Abstract
Unconventional hydrocarbon resources from low-permeability formation, i.e., tight sands and shales, are currently received great attention because of their potential to supply the entire world with sufficient energy for the decades to come. In the past few years, as a result of industry-wide R&D effort, progresses are being made towards commercial development of gas and oil from such unconventional resources. However, studies, understandings, and effective technologies needed for development of unconventional reservoirs are far behind the industry needs.

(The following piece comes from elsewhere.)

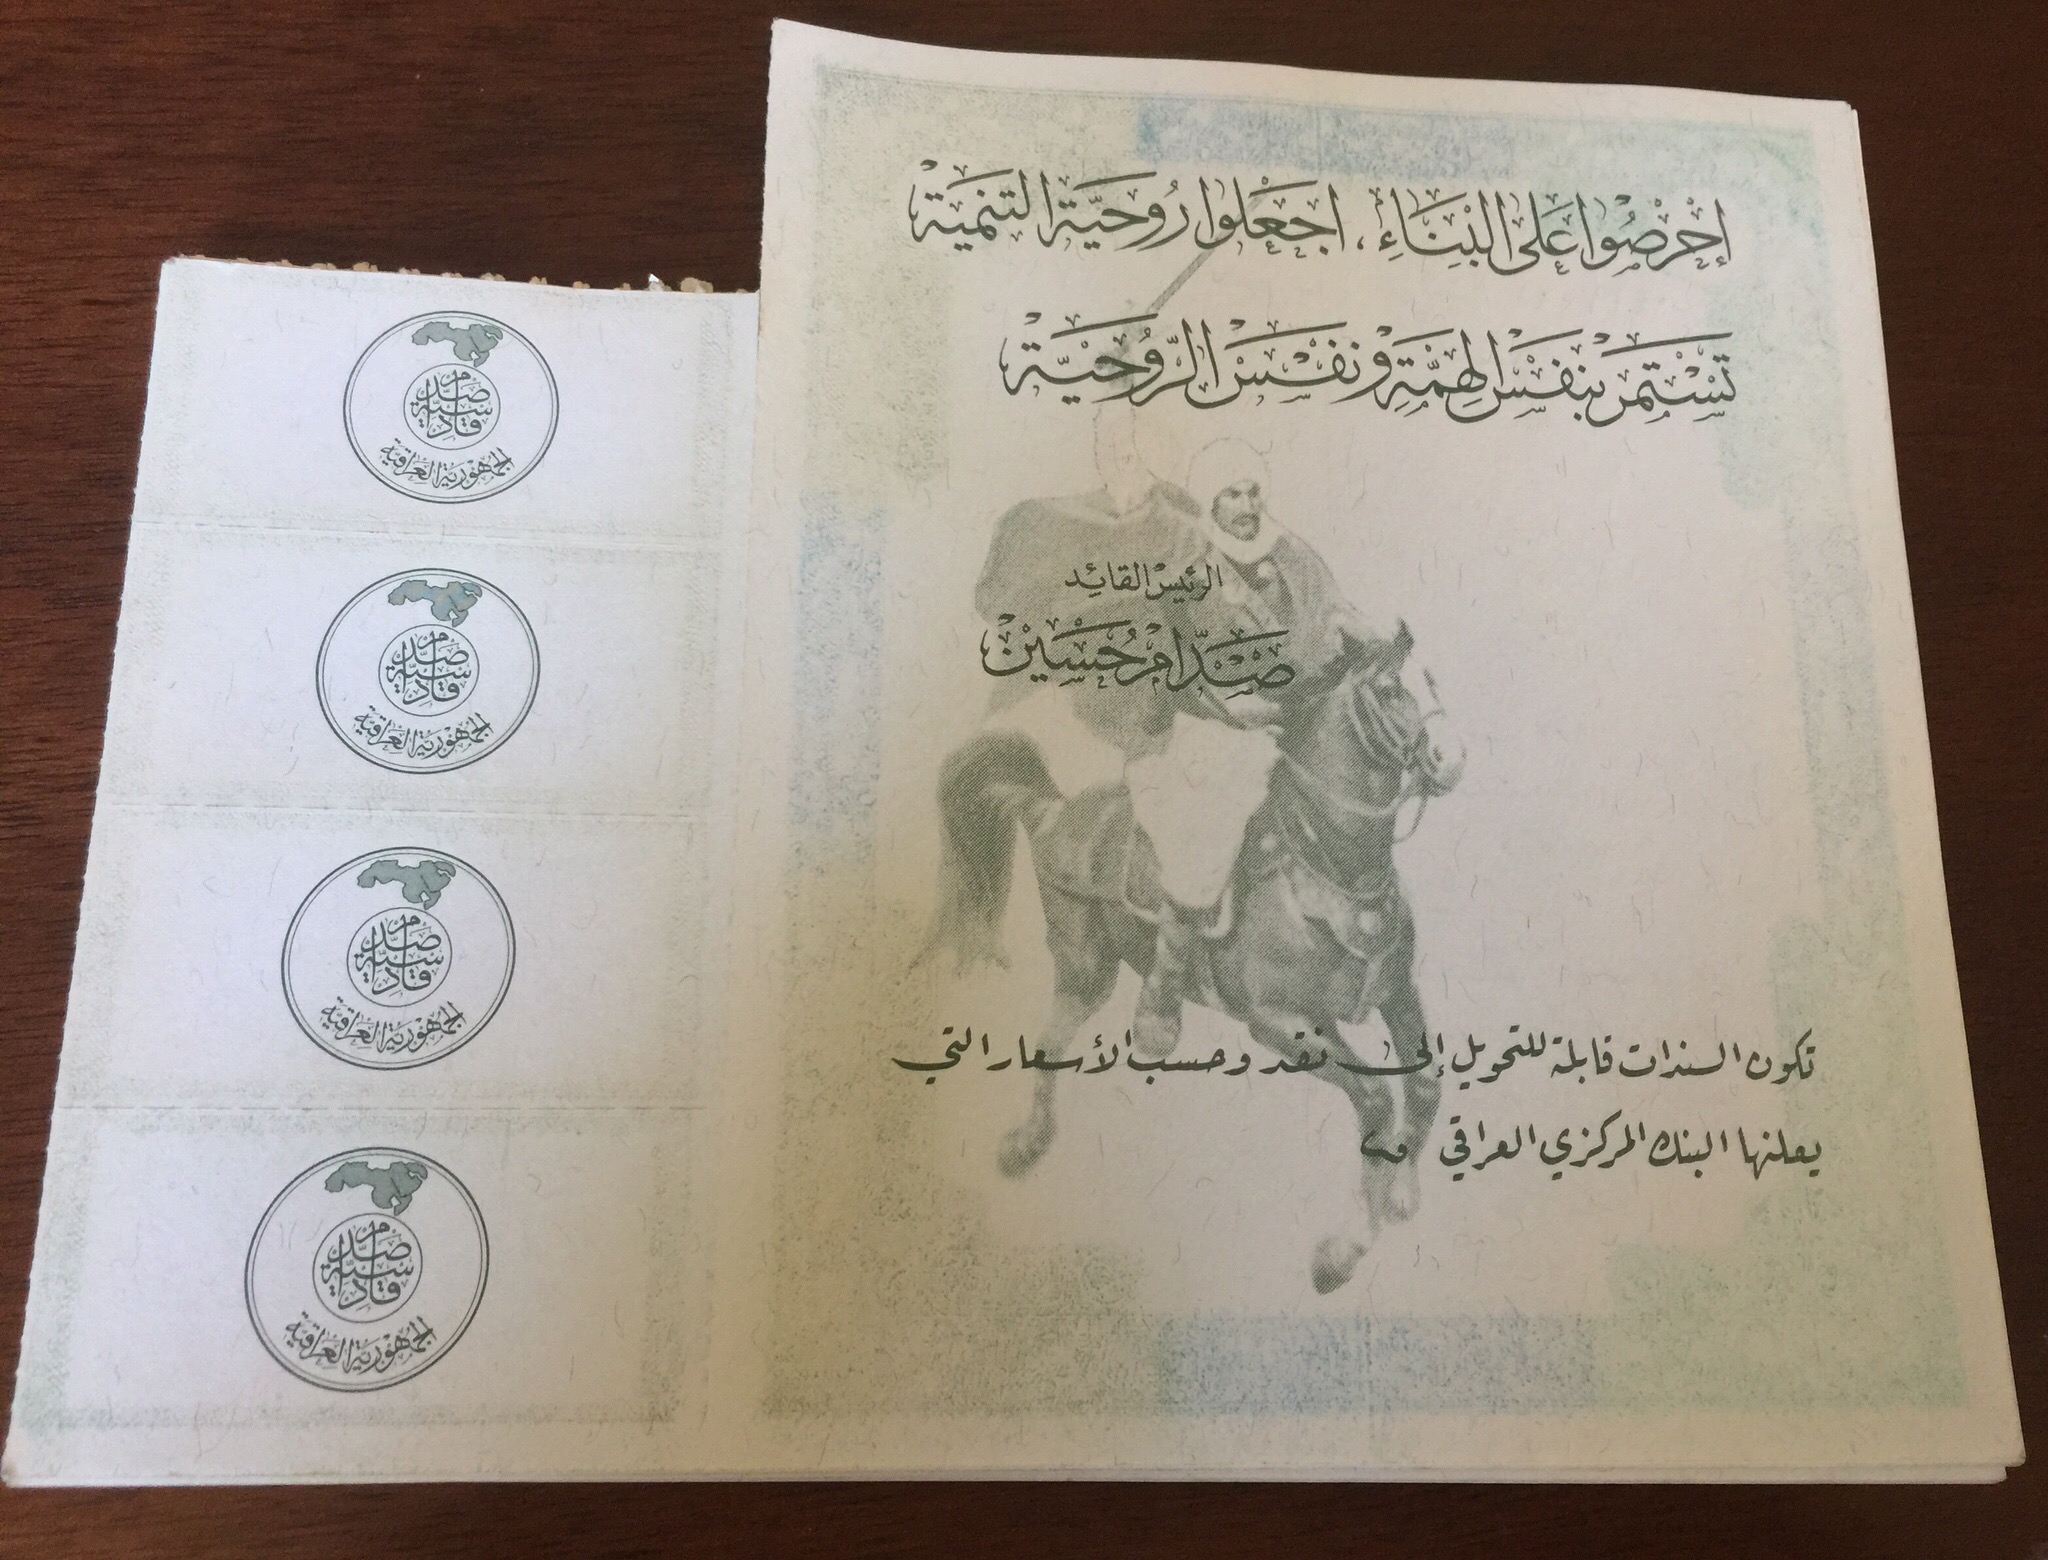 1987 Iraq 100 Dinar Gulf War Bond Coupons Shares Certificates Saddam Hussein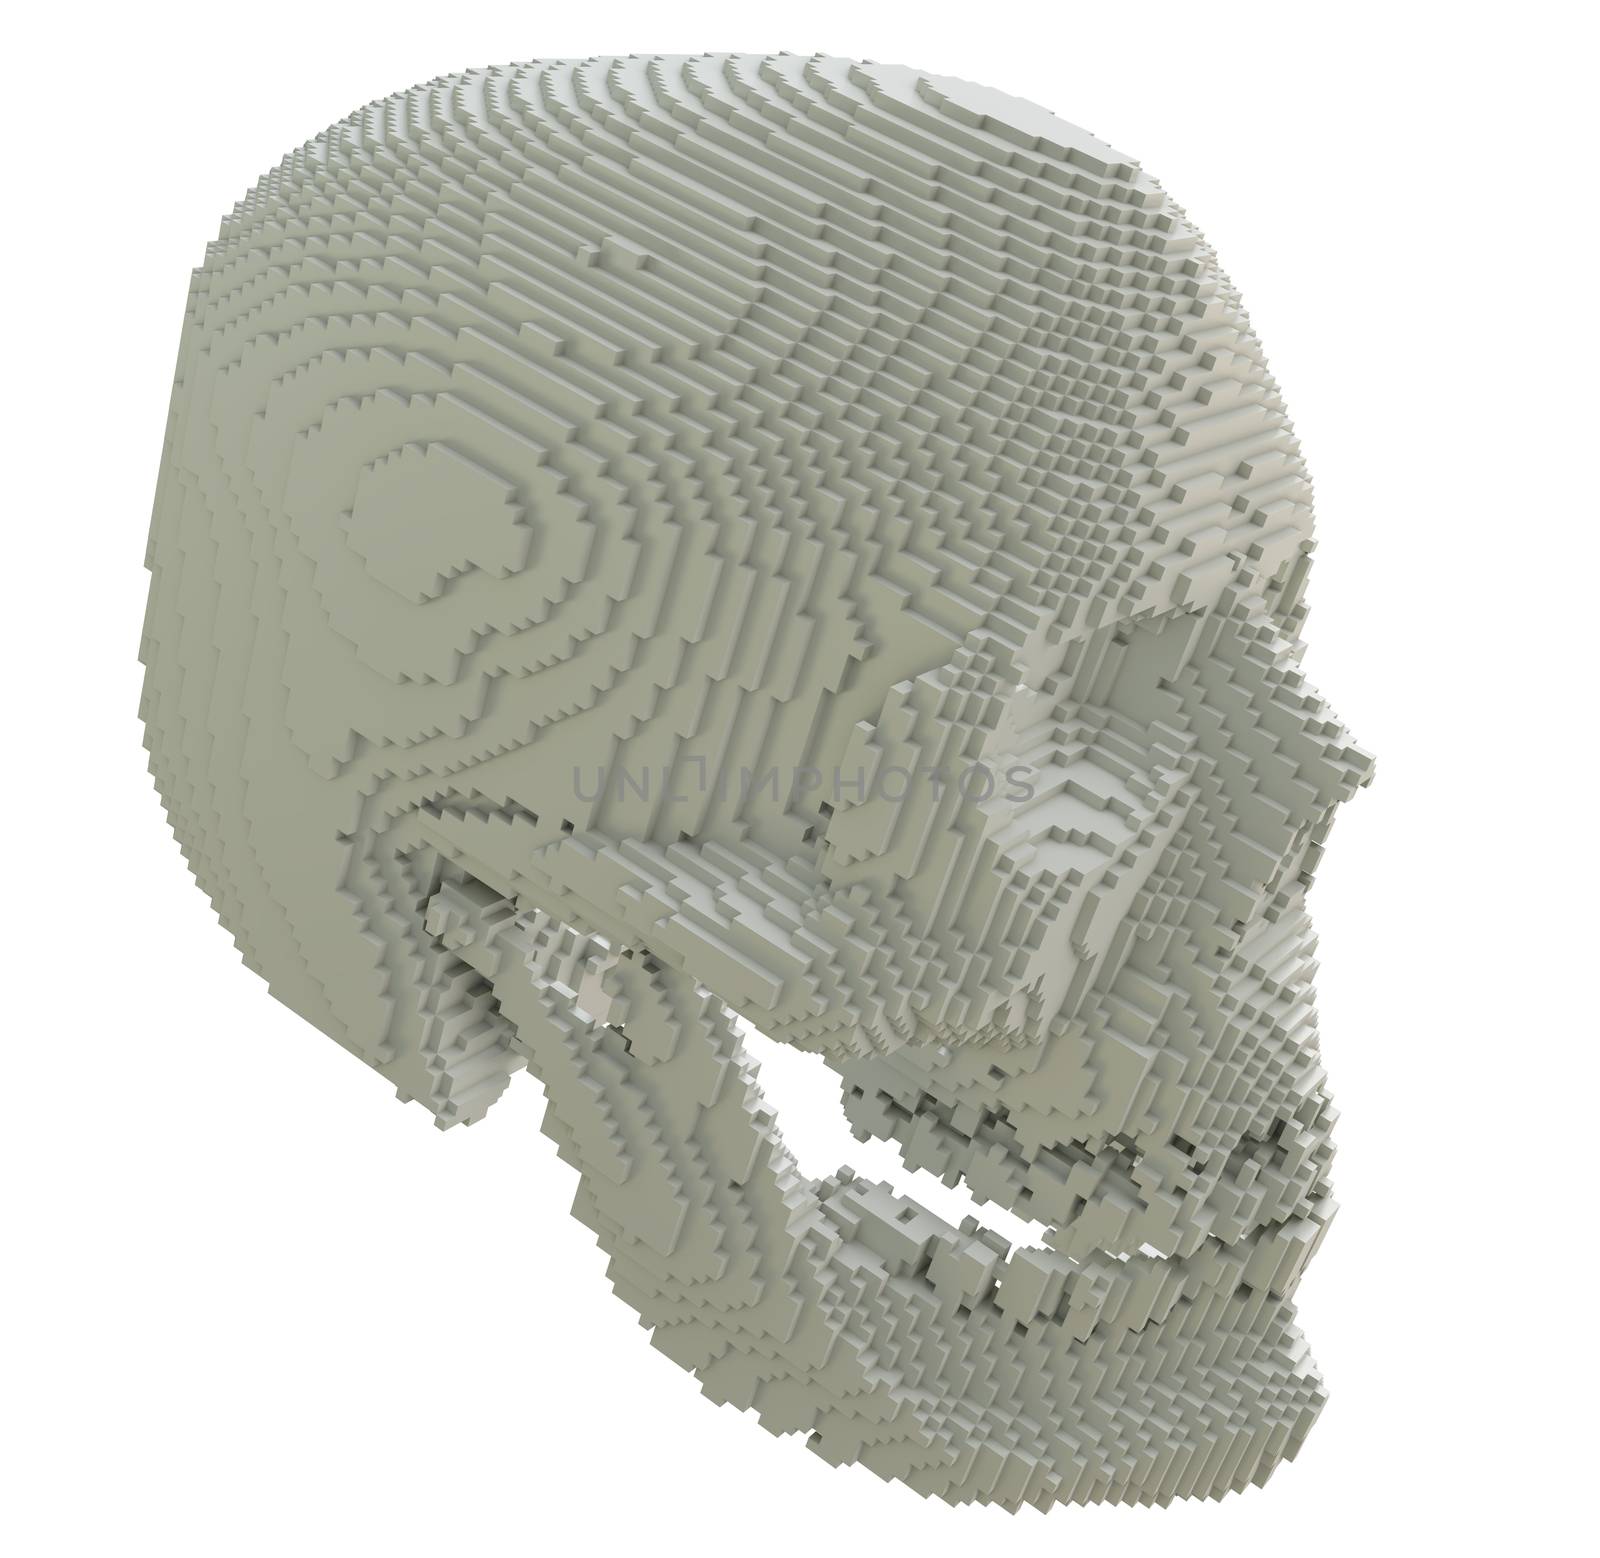 3d printed skull isolated on white background. 3D illustration

Unconventional reservoir dynamics is characterized by highly nonlinear behavior of multiphase flow in extremely low- permeability rock, coupled by many co-existing, processes, e.g., non-Darcy flow and rock-fluid interaction within tiny pores or micro-fractures. Quantitative characterization of unconventional reservoirs has been a significant scientific challenge currently. Because of complicated flow behavior, strong interaction between fluid and rock as well as multi-scaled heterogeneity, the traditional Darcy-law-and-REV-based model may not be applicable for describing flow phenomena in unconventional reservoirs. In this paper, we will discuss a general mathematical model proposed for unconventional reservoir simulation. We will present a unified framework model to incorporate various nonlinear flow and transport processes using a multi-domain, multi-continuum concept to handle multi-scaled heterogeneity of unconventional formation. Specifically, we will use extended or modified Darcy law to include the following processes: (1) non-Darcy flow with inertial effects; (2) non-Newtonian behavior (i.e., threshold pressure gradient for flow to occur); (3) adsorption and other reaction effect; and (4) rock deformation. The proposed modeling methodology has been implemented into a general reservoir simulator and will be demonstrated for its application in analyzing well tests in fractured vuggy reservoirs, non-Darcy flow, and non-Newtonian flow in porous and fractured reservoirs.